Using Read-Through Persistence

If an entry does not exist in memory when an application asks for it, Hazelcast asks the loader implementation to load that entry from the data store. If the entry exists there, the loader implementation gets it, hands it to Hazelcast, and Hazelcast puts it into memory. This is read-through persistence mode.

As you can remember from the introduction of this section, the IMap.get() method triggers the load() method in your MapLoader implementation if an entry does not exist in the memory.

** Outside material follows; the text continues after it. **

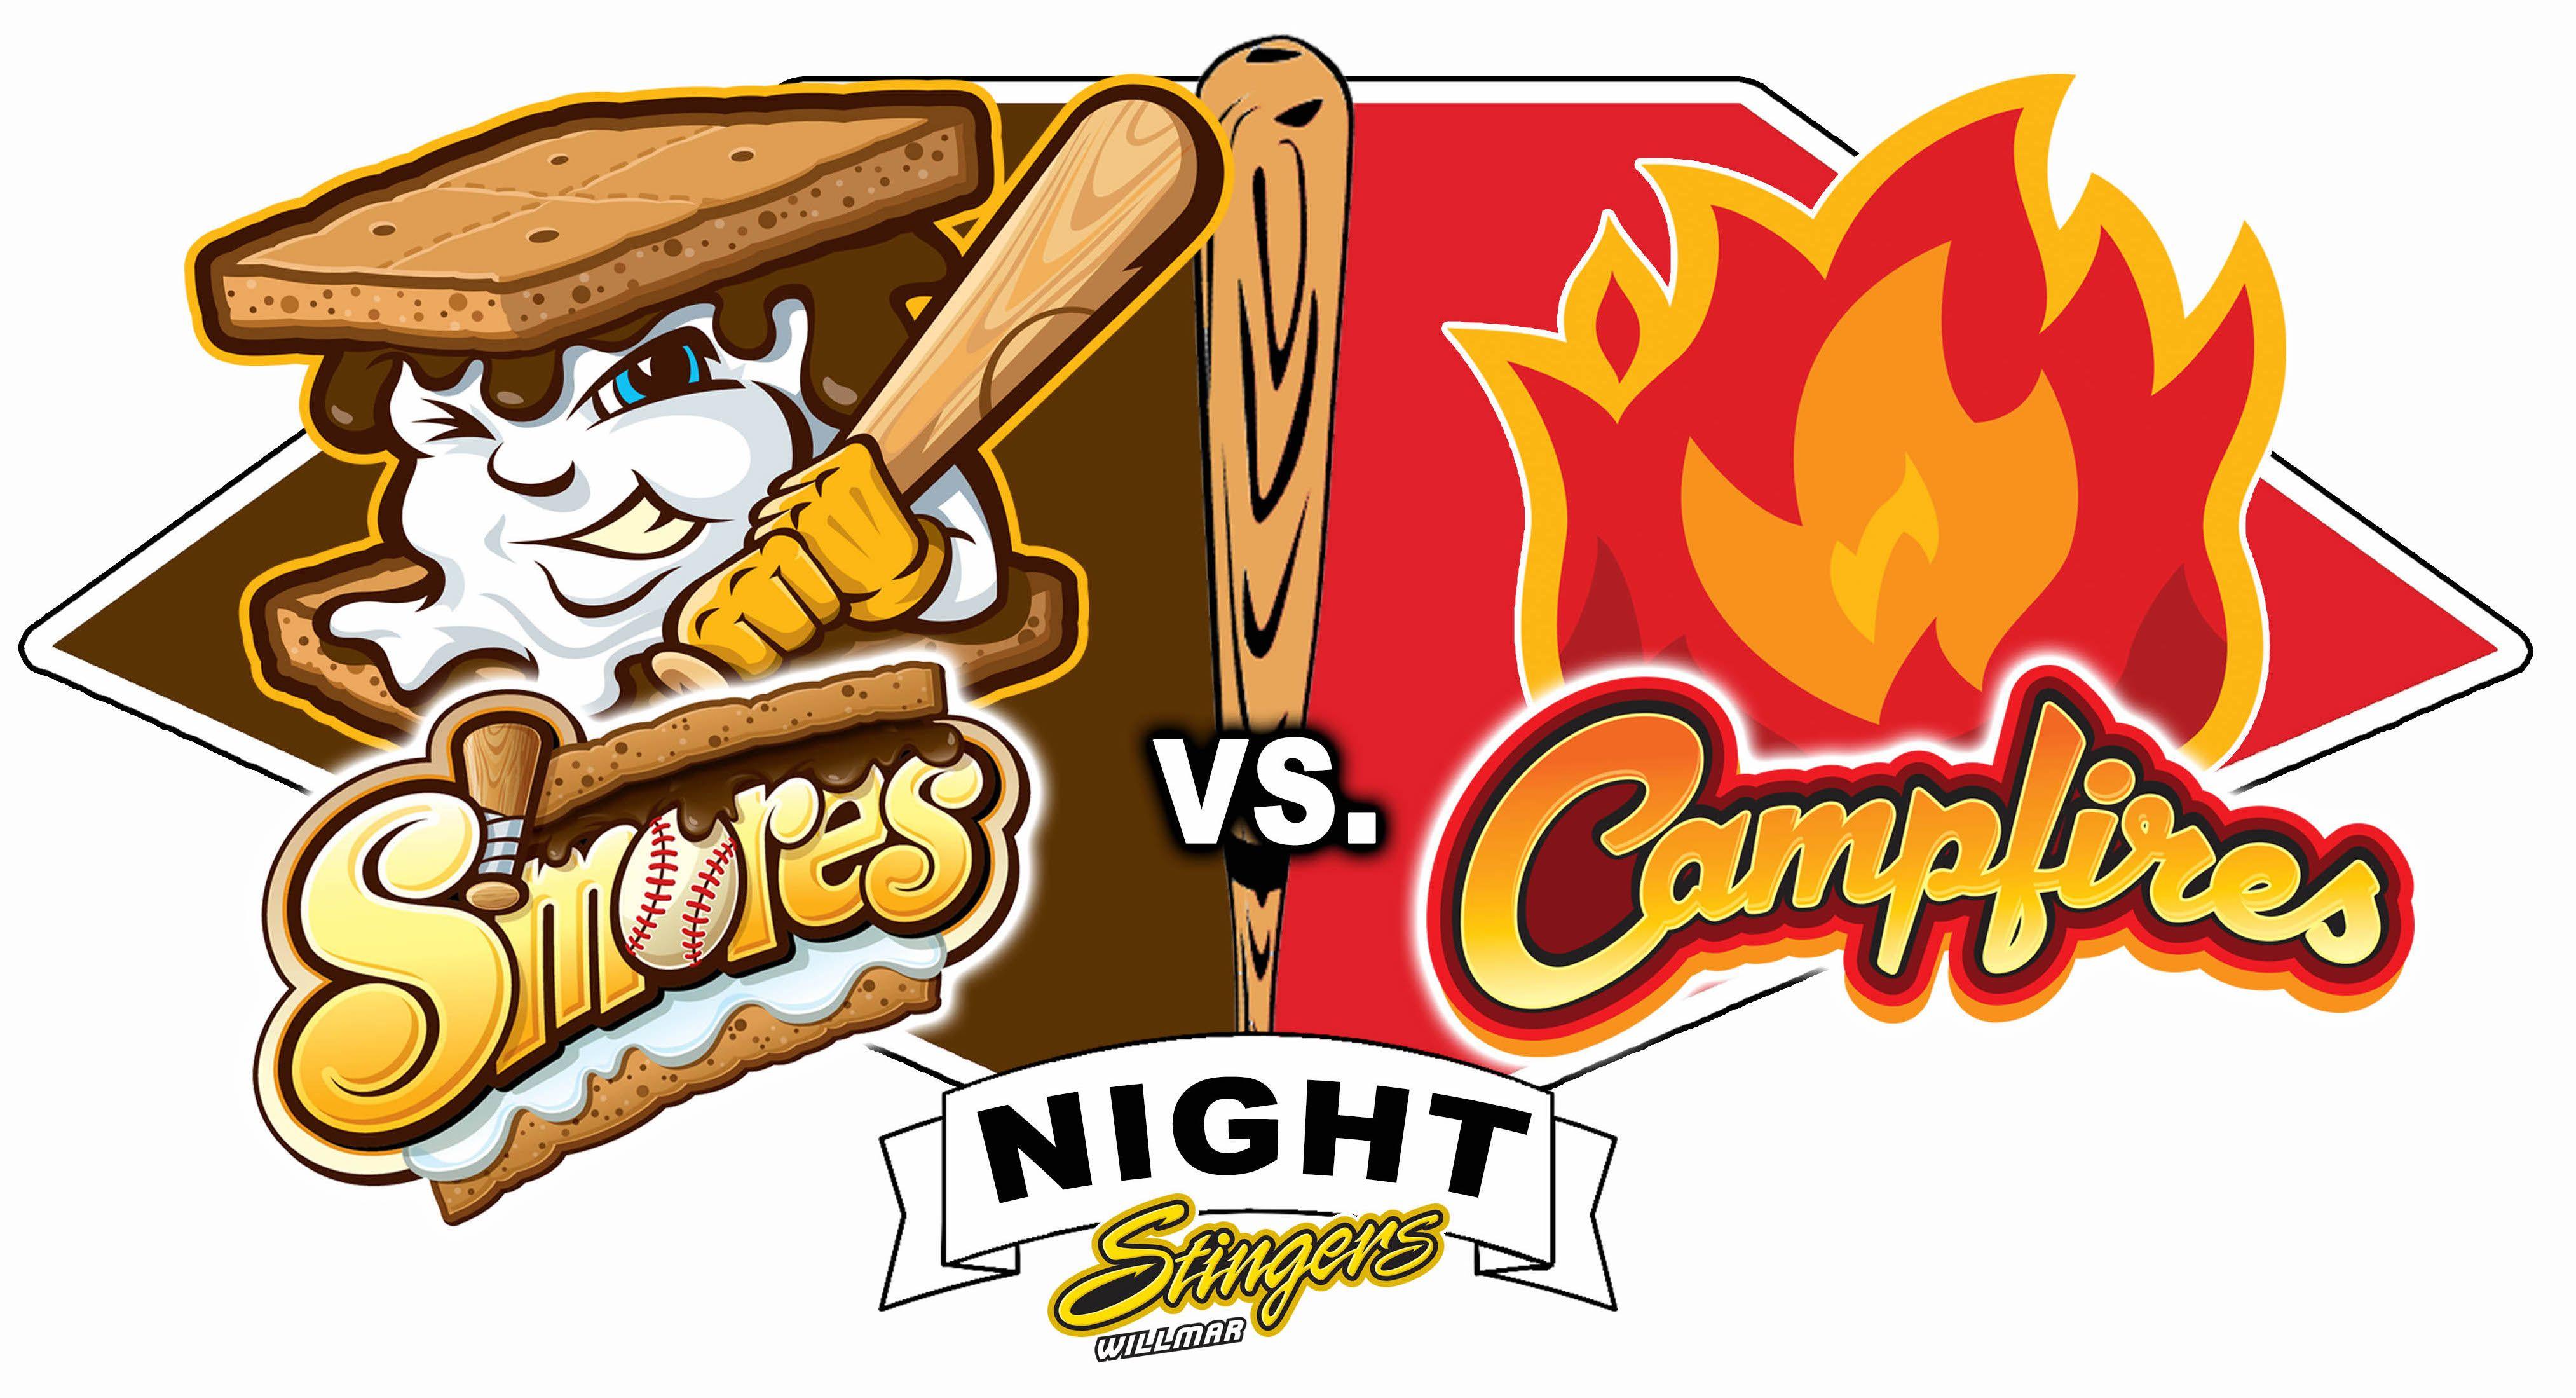 S'mores Logo - S'mores vs. Campfires Night! Stingers : Willmar Stingers

In this case, note that the IMap.get() method does not create backup copies for such entries, when the mode is read-through persistence: there is no need for backups for these entries since if the primary entry is lost, then a read for the key triggers the load() method and loads the entry from the persistence layer.

Setting Write-Through Persistence

The MapStore interface can be configured to be write-through by setting the write-delay-seconds property to 0. This means the entries are sent to the data store synchronously.

In this mode, when the map.put(key,value) call returns:

  • The MapStore.store(key,value) method is successfully called so the entry is persisted.

  • The in-memory entry is updated.

  • Any in-memory backup copies are successfully created on other cluster members (if the backup-count property is greater than 0).

If the MapStore.store(key,value) method throws an exception, it is propagated to the original IMap.put() or IMap.remove() call in the form of RuntimeException.

There is a key difference in the behaviors of map.remove(key) and map.delete(key), i.e., the latter results in MapStore.delete(key) to be invoked whereas the former only removes the entry from IMap.

Setting Write-Behind Persistence

You can configure MapStore as write-behind by setting the write-delay-seconds property to a value bigger than 0. This means the modified entries will be put to the data store asynchronously after a configured delay.

In write-behind mode, Hazelcast coalesces updates on a specific key by default, which means it applies only the last update on that key. However, you can set MapStoreConfig.setWriteCoalescing() to FALSE and you can store all updates performed on a key to the data store.
When you set MapStoreConfig.setWriteCoalescing() to FALSE, after you reached per-node maximum write-behind-queue capacity, subsequent put operations will fail with ReachedMaxSizeException. This exception is thrown to prevent uncontrolled grow of write-behind queues. You can set per-node maximum capacity using the system property hazelcast.map.write.behind.queue.capacity. See the System Properties appendix for information on this property and how to set the system properties.

In write-behind mode, when the map.put(key,value) call returns:

  • in-memory entry is updated

  • in-memory backup copies are successfully created on the other cluster members (if backup-count is greater than 0)

  • the entry is marked as dirty so that after write-delay-seconds, it can be persisted with MapStore.store(key,value) call

  • and for fault tolerance, dirty entries are stored in a queue on the primary member and also on a back-up member.

The same behavior goes for the map.remove(key), the only difference is that MapStore.delete(key) is called when the entry will be deleted.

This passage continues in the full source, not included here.